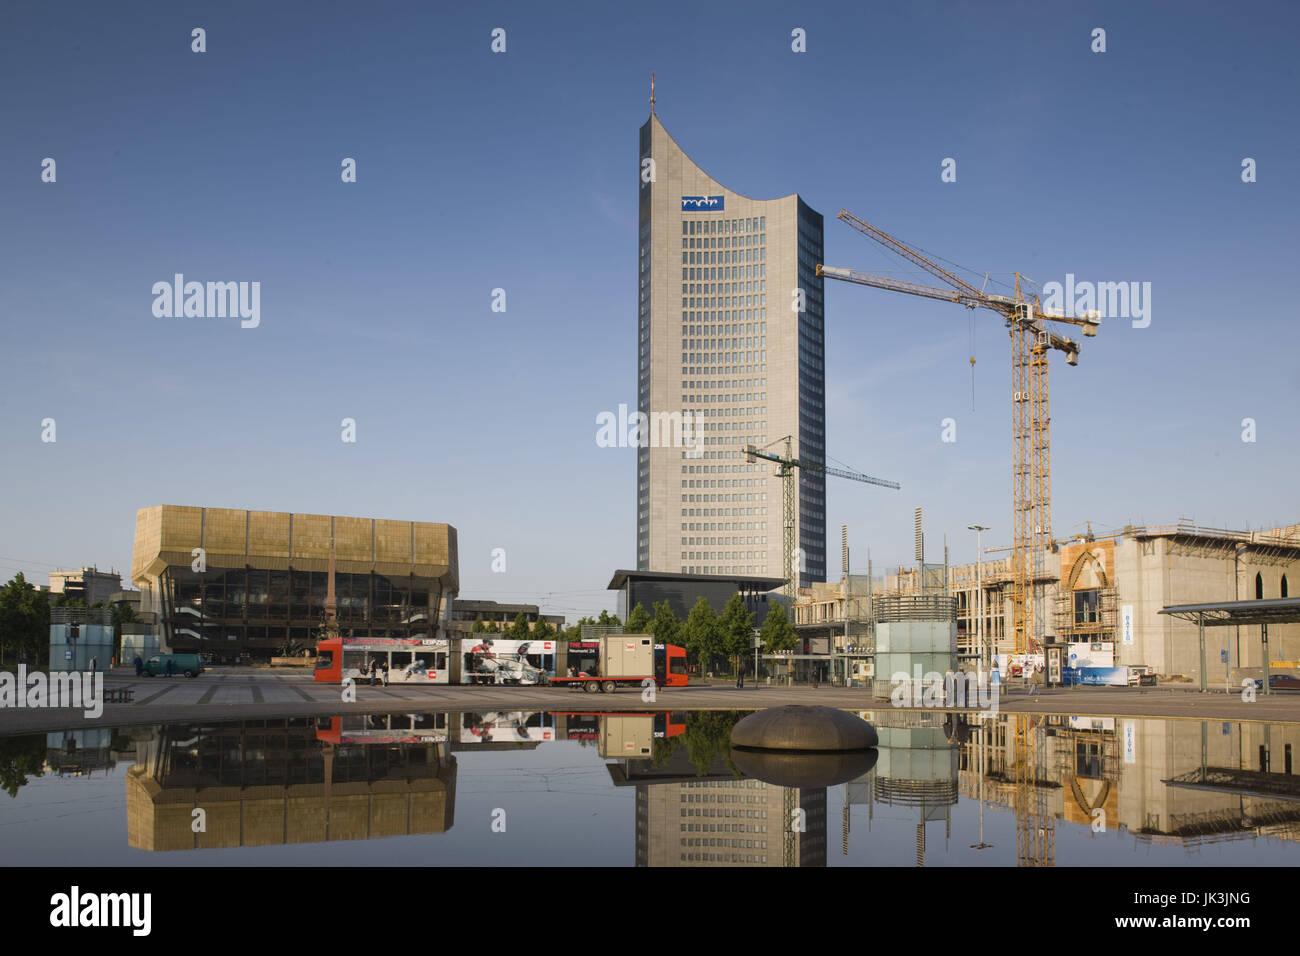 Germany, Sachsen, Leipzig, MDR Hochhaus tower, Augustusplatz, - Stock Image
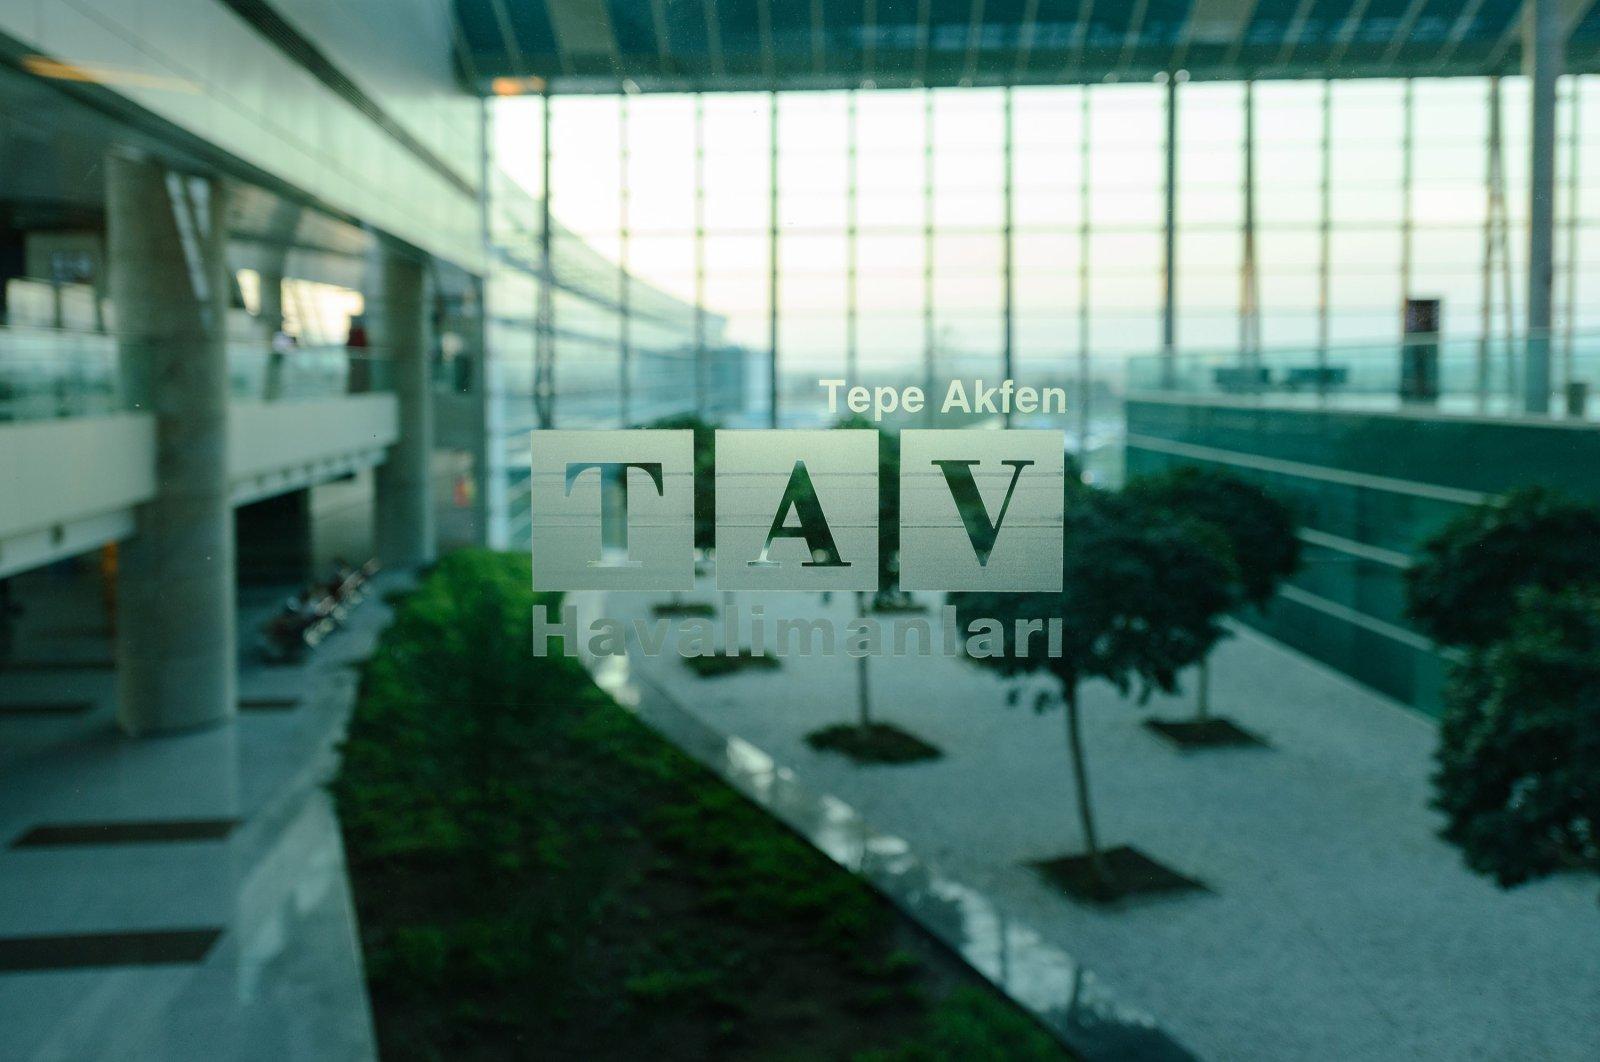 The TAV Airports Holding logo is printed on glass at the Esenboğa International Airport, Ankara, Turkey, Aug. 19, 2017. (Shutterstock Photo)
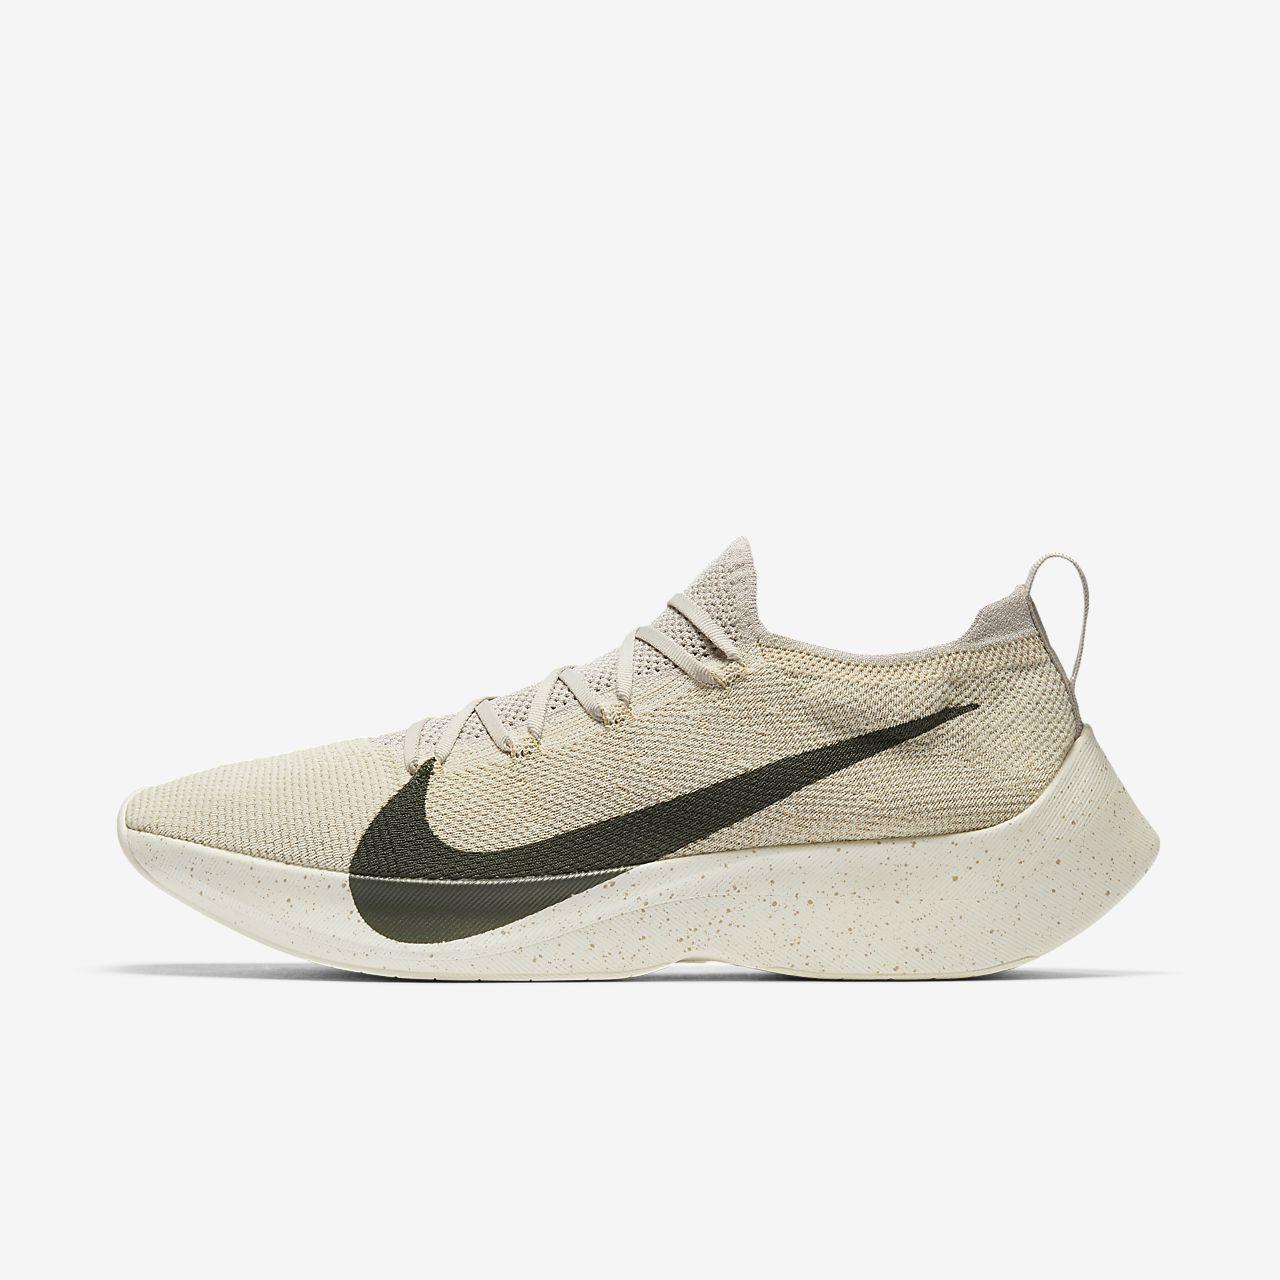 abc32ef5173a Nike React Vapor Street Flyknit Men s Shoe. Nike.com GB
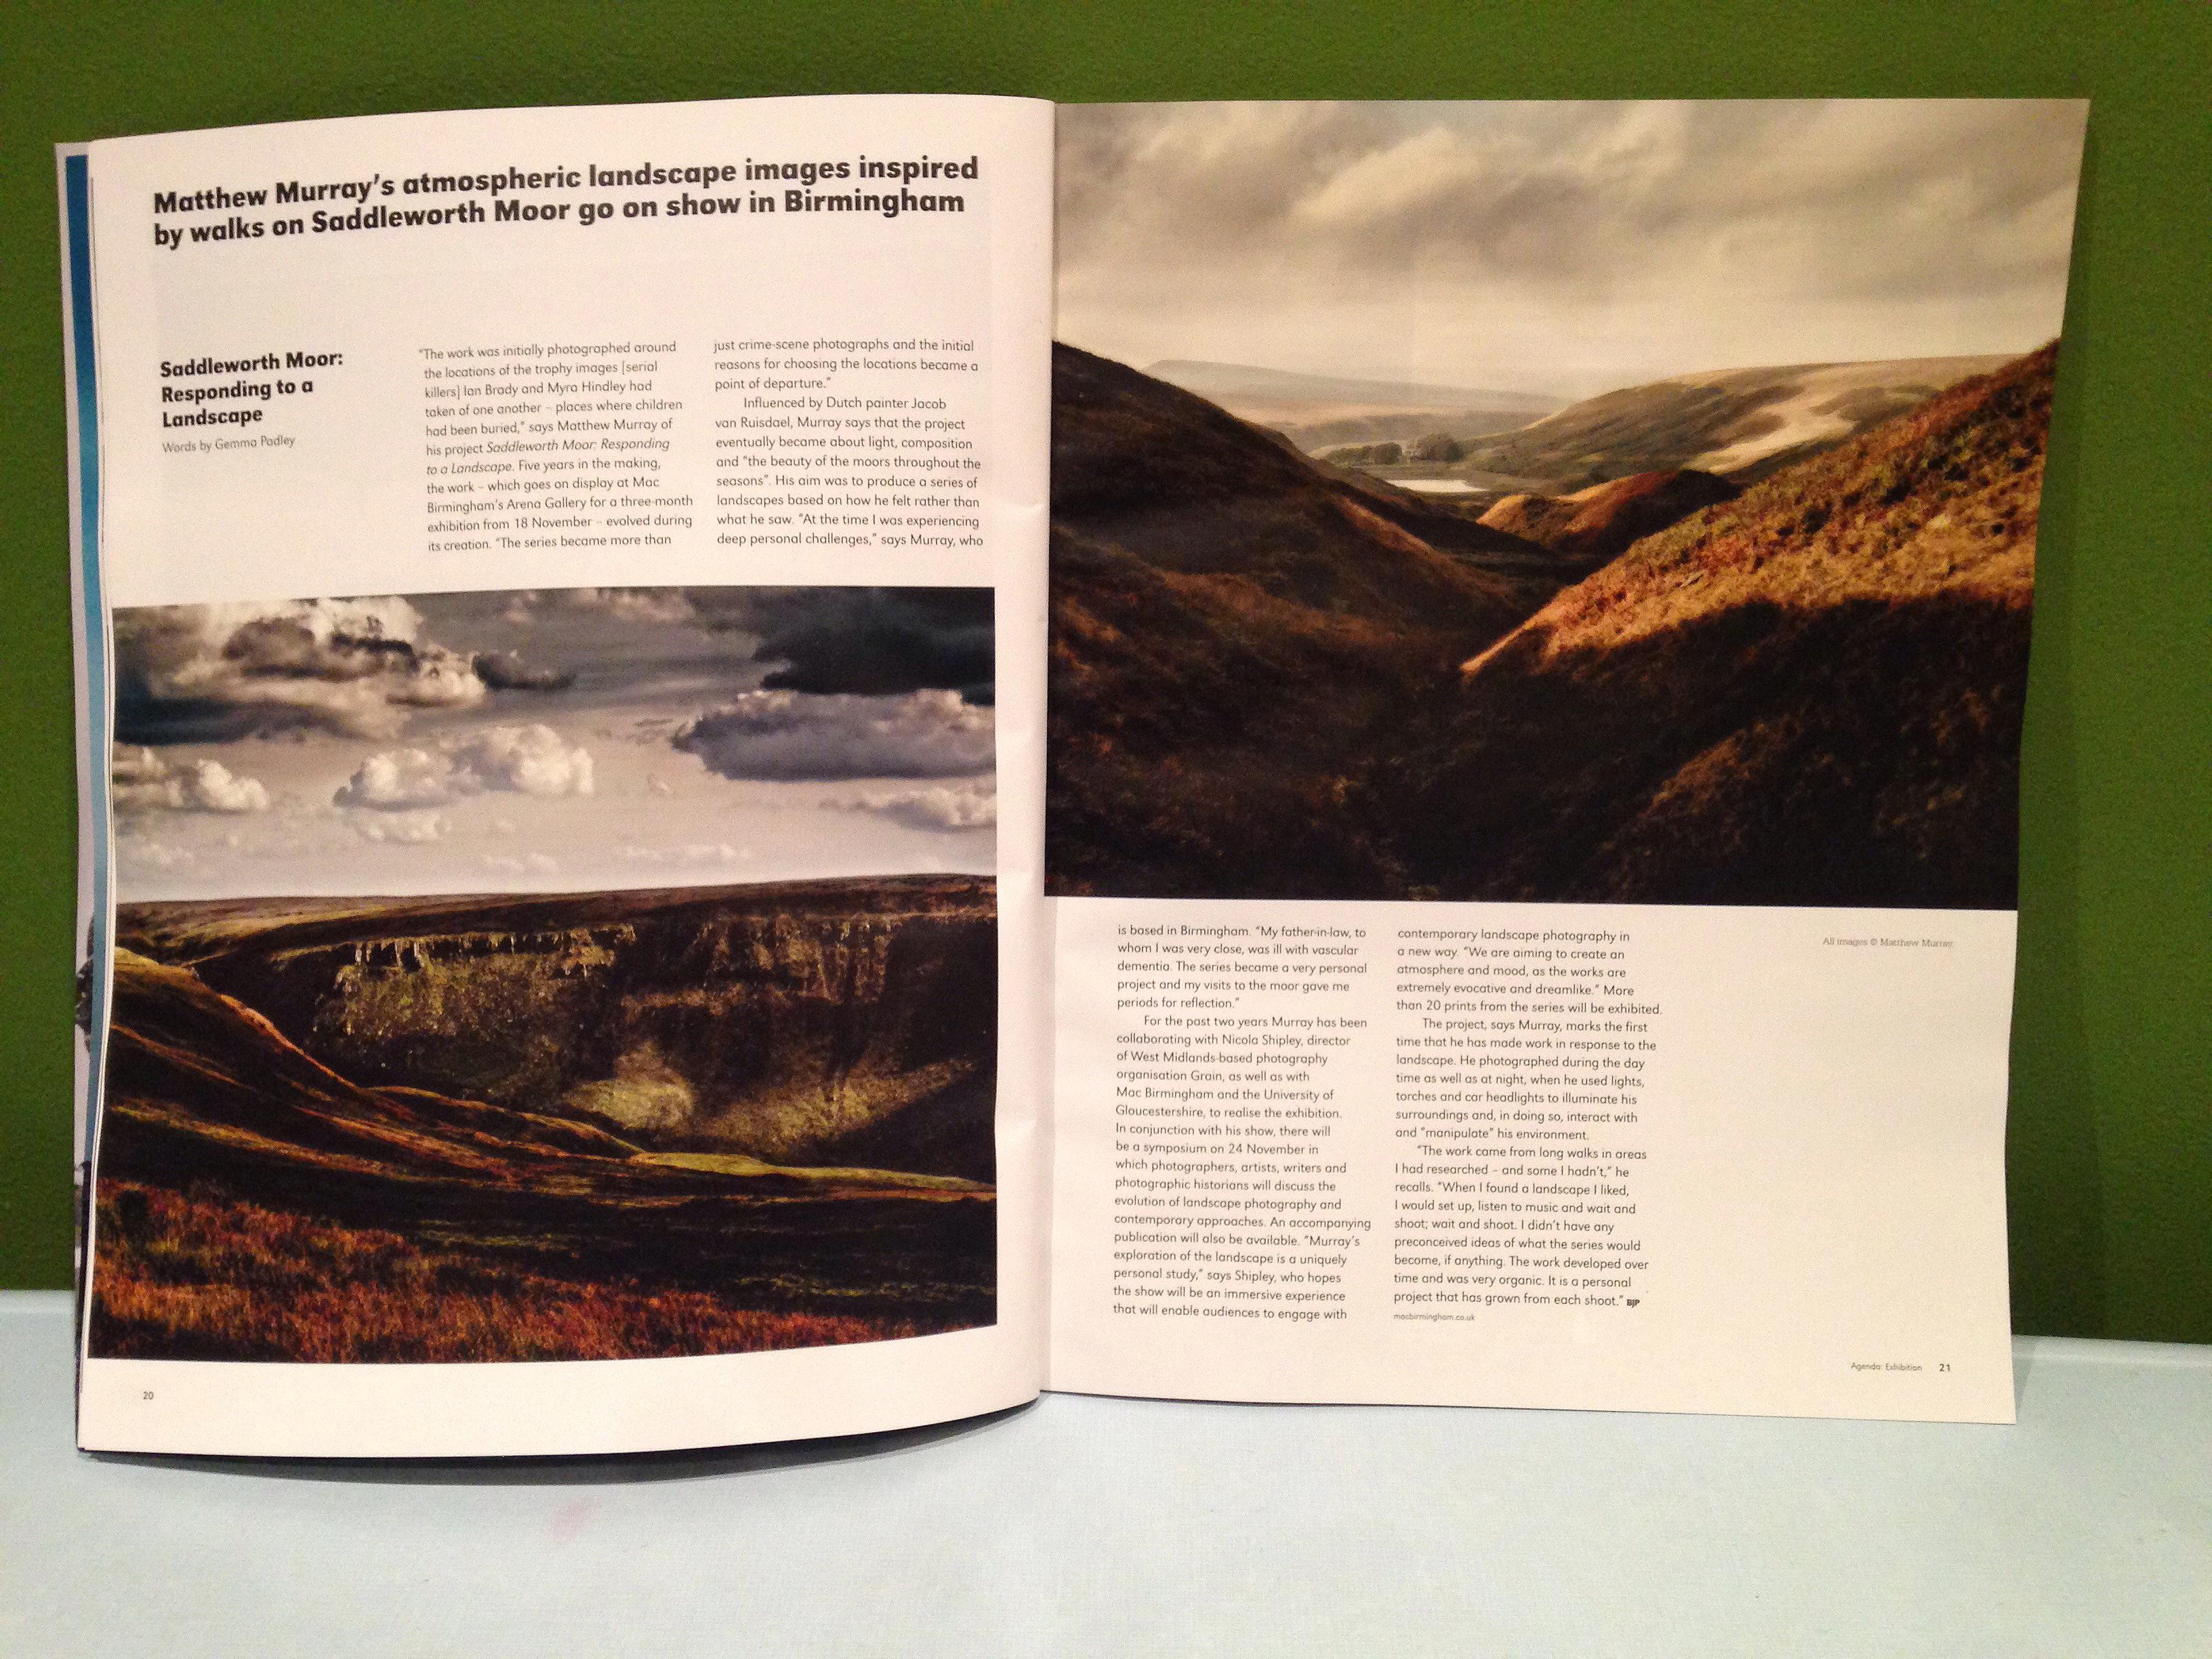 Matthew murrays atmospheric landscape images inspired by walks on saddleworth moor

══════════════════════════════

> _Exercise instructions_
Skipping any images, write out all the data exactly.

> _Exercise answer_
 Germany, Sachsen, Leipzig, MDR Hochhaus tower, Augustusplatz, - Stock Image
 The TAV Airports Holding logo is printed on glass at the Esenboğa International Airport, Ankara, Turkey, Aug. 19, 2017. (Shutterstock Photo)
 abc32ef5173a Nike React Vapor Street Flyknit Men s Shoe. Nike.com GB
 Matthew murrays atmospheric landscape images inspired by walks on saddleworth moor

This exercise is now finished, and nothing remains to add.